In the robot test, the robot successfully went over the bridge deck and then went through the bridge opening. The total time was 10.9s.
First, various factors should be taken into account in the brainstorming and design process. A lot of influence related to the final results is important. For example, in the process of designing the bridge, we only considered the weight of the bridge but ignored the impact of the bridge length on the robot’s crossing time. Secondly, communication skills and the time of exchange the ideas should be improved in team cooperation so as to facilitate faster progress of the project. Thirdly, in the design of the bridge, the weight of the bridge should be reduced as far as possible to make the bridge deck shorter and narrower so that the robot can pass through the bridge deck and pass through the bridge opening in a shorter time. Fourthly, it would be better if the chopsticks were transferred from the vertical direction to the horizontal direction and laid on the bridge deck and slope. These changes would decrease the friction.
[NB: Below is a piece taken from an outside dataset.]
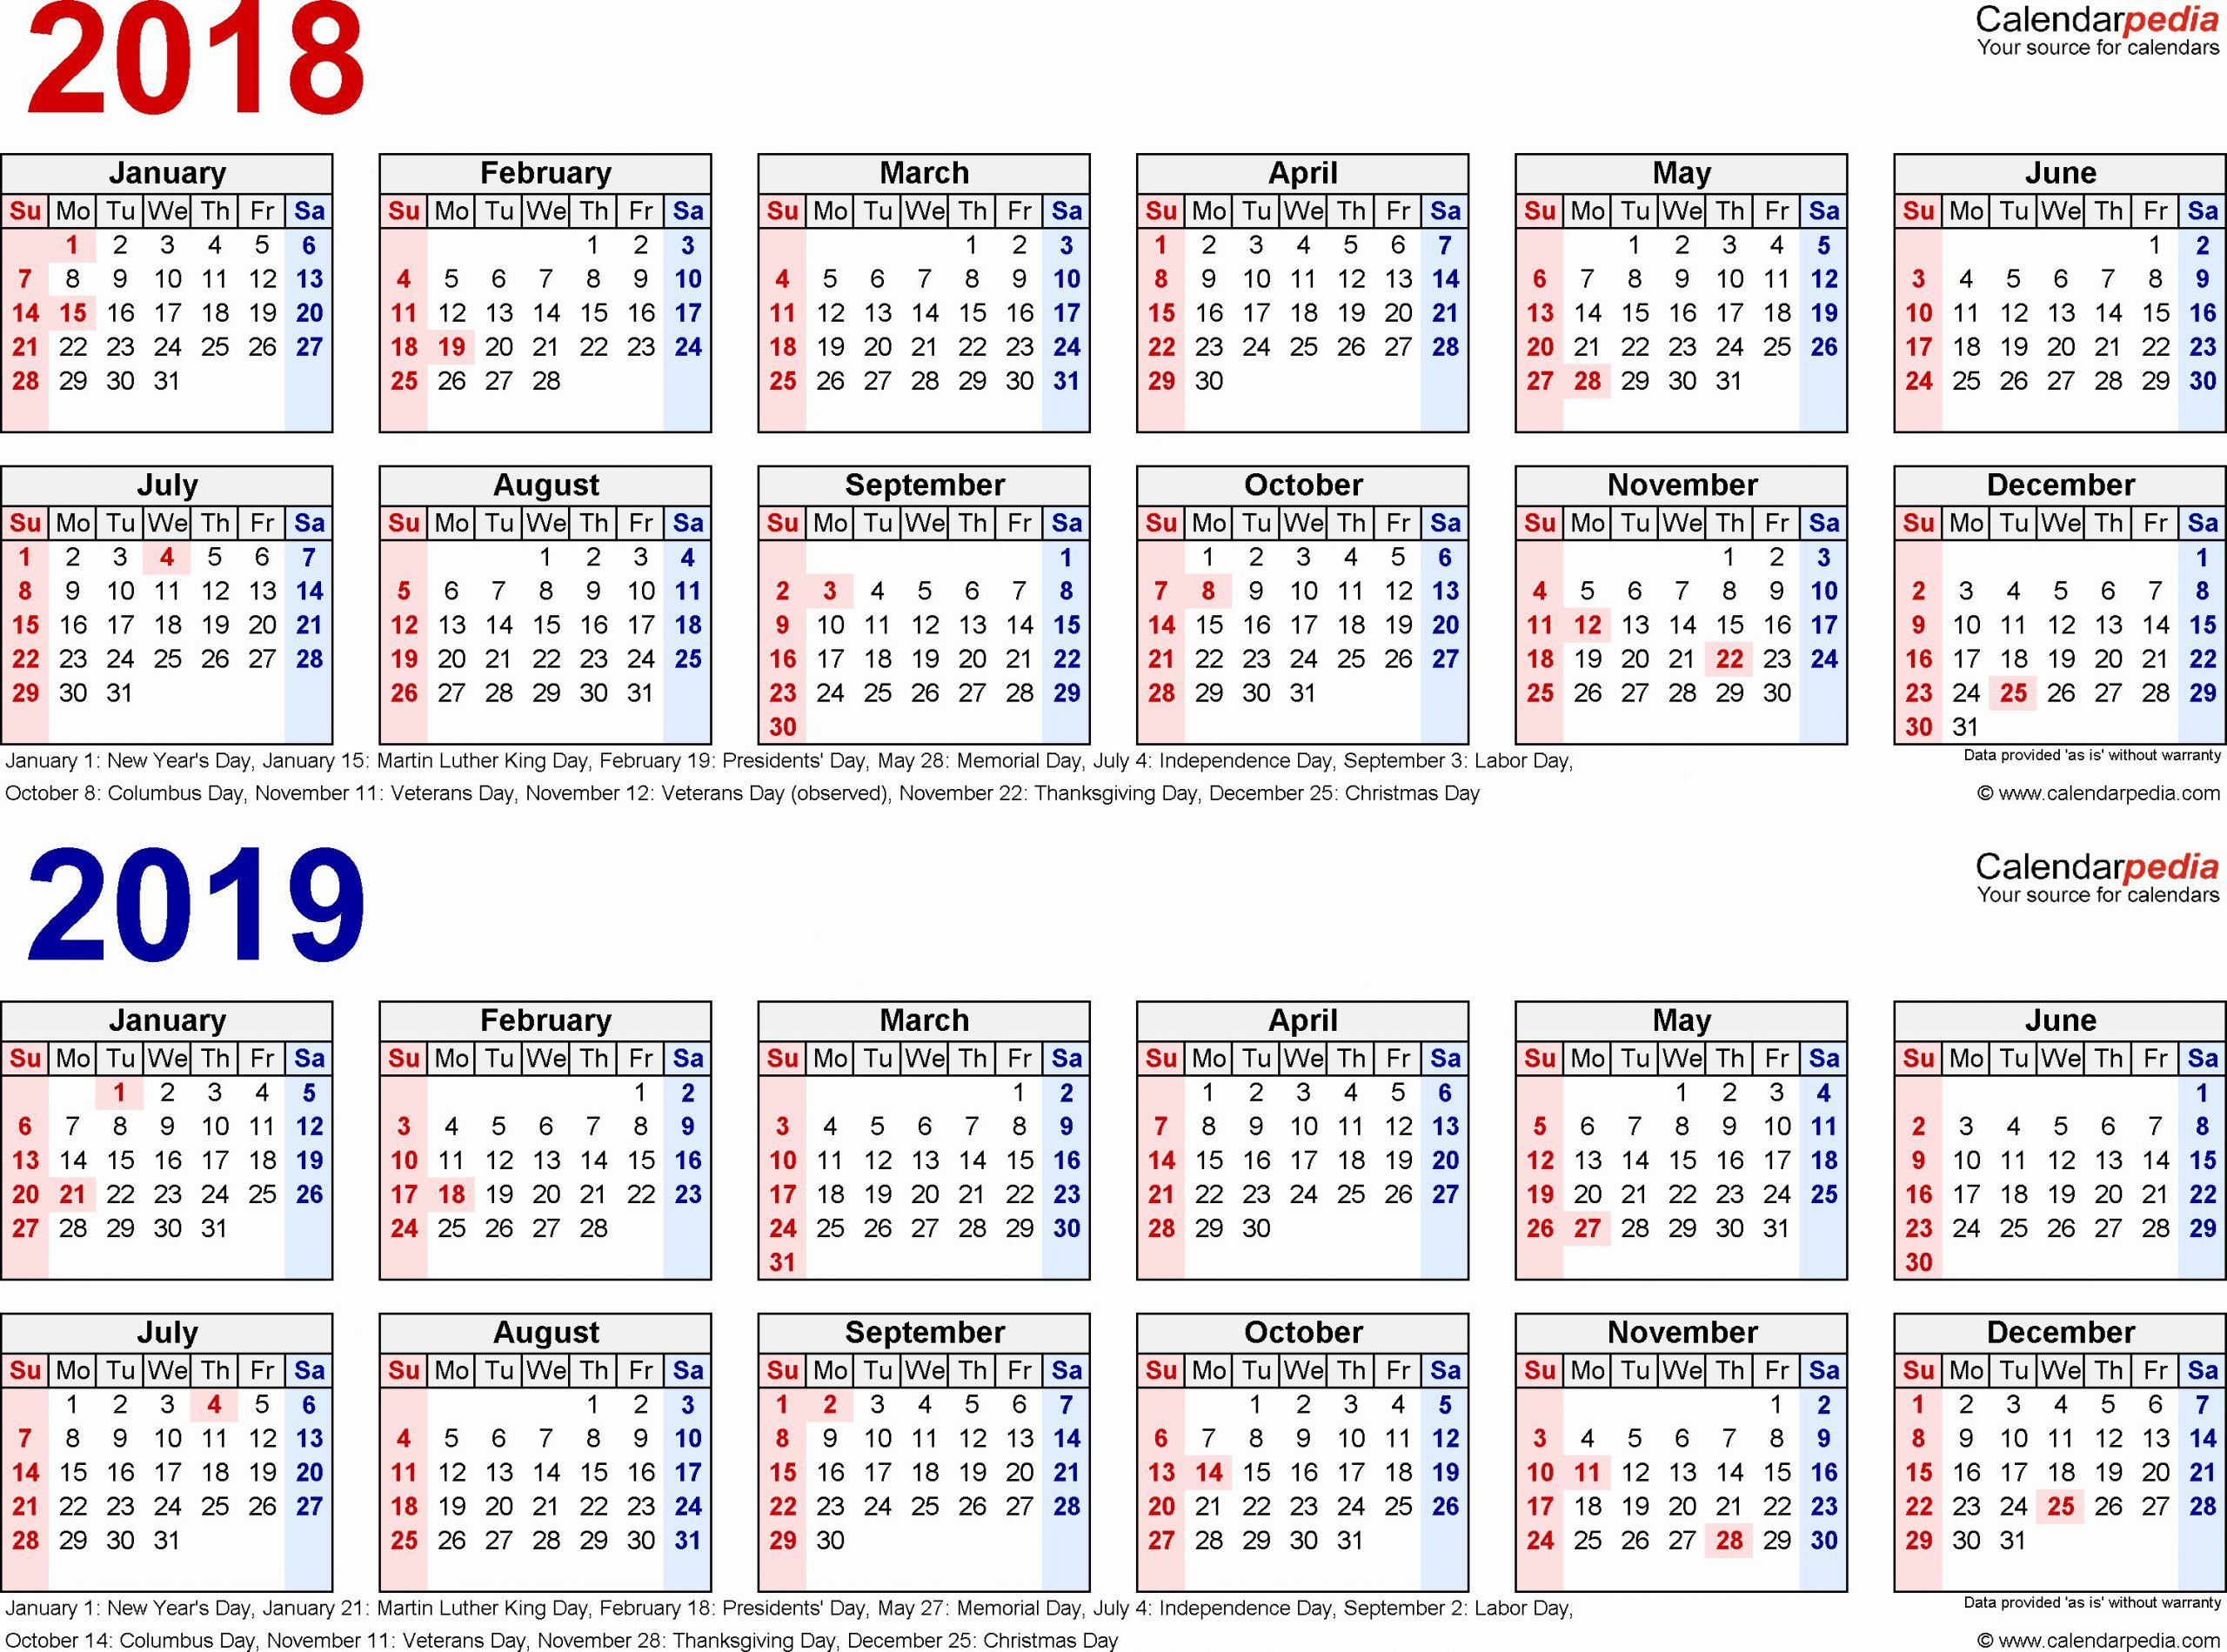 2019 Biweekly Payroll Calendar Template Excel Fresh 2018

Fifthly, the third chopstick doesn’t need to be glued between the other two chopsticks, because the glue is sticky enough and the addition of the third chopsticks will increase the weight of the bridge. Sixthly, the robot’s large size has led to a heavier weight, which affects the driving speed. It requires a higher demanding for the supporting part of the bridge, which also lead to the increase of the bridge’s volume. Seventhly, the design of fixed structure part for the robot is not perfect enough and it is likely to cause the deviation of the driving path due to the splicing error. Last but not least, the design of the turning structure of the robot is inadequate and it can not make wheels rotate relatively flexible.